You may reference a specific pronunciation for a known word using the word(n)
syntax, where n
is 1-based. Pronunciations are loaded in line order from base_dictionary.txt
first and then custom_words.txt
. For example, read(2)
will reference the second pronunciation of the word “read”. Without an (n)
, all pronunciations found will be used.
Phoneme Literals
You can interject phonetic chunks into these pronunciations too. For example, the word “hooiser” sounds like “who” and the “-zure” in “azure”:
hooiser who /Z 3/
Text between slashes (/
) will be interpreted as phonemes in the configured speech system.
Word Segments
If a grapheme-to-phoneme alignment corpus is available (training.grapheme-to-phoneme-corupus
), segments of words can also be used for pronunciations. Using the “hooiser” example above, we can replace the phonemes with:
hooiser who a>zure<
This will combine the pronunciation of “who” from the current phonetic dictionaries (base_dictionary.txt
and custom_words.txt
) and the “-zure” from the word “azure”.
The brackets point >at<
the segment of the word that you want to contribute to the pronunciation. This is accomplished using a grapheme-to-phoneme alignment corpus generated using phonetisaurus
and the base_dictionary.txt
file. In the a>zure<
example, the word “azure” is located in the alignment corpus, and the output phonemes from the phonemes “zure” in it are used.
Language Models
Language models must be in plaintext ARPA format.
A voice2json
profile will typically contain 2 language models:
base_language_model.txt
- A large, pre-built language model that summarizes a given language
- Used when
--open
flag is given to transcribe-wav - Used during language model mixing
language_model.txt
- Summarizes the valid voice commands for a profile
- Automatically generated by train-profile
When using DeepSpeech, language models are automatically converted to binary format using KenLM.
Grapheme To Phoneme Models
A grapheme-to-phoneme (g2p) model helps guess the pronunciations of words outside of the dictionary. These models are trained on each profile’s base_dictionary.txt
file using phonetisaurus and saved in the OpenFST binary format.

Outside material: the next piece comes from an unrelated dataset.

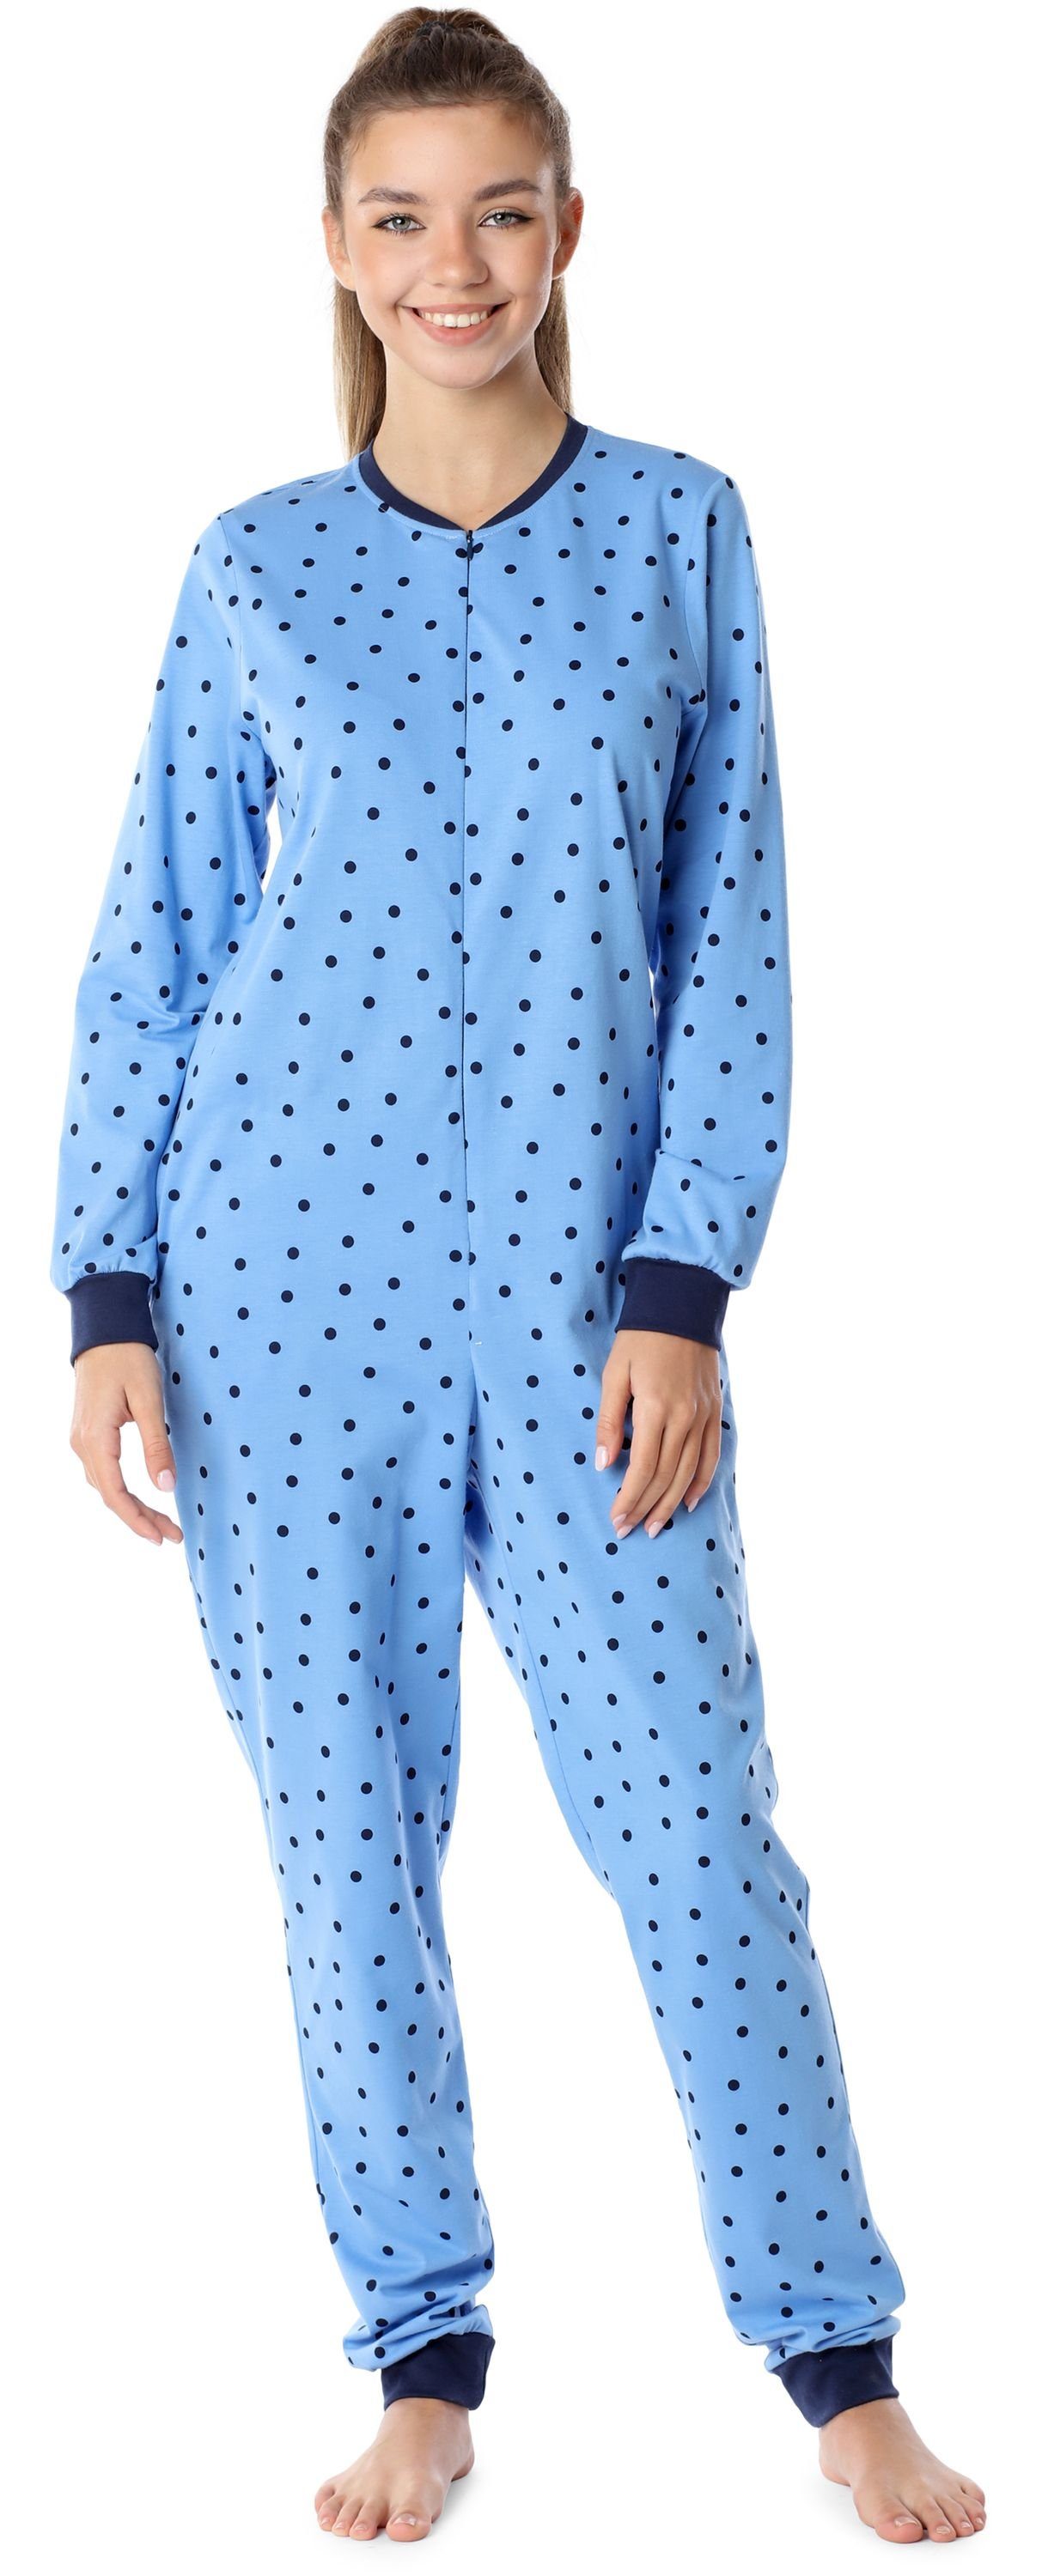 Blaue/Punkte Schlafanzug Merry Style MS10-235 Jugend Schlafanzug Schlafoverall Mädchen

G2P prediction can also be done using transformer models.
Phoneme Maps
Each profile contains one or more text files that contains a mapping from the phonemes present in the profile’s pronunciation dictionaries to either eSpeak (espeak_phonemes.txt
) or MaryTTS (marytts_phonemes.txt
). The format is simple:
S1 D1
S2 D2
...
where S1
is a source dictionary phoneme and D1
is a destination eSpeak/MaryTTS phoneme. These mappings are produced manually, and may not be perfect. The goal is to help users hear how the speech recognizer is expecting a word to be pronounced and to control how words are spoken.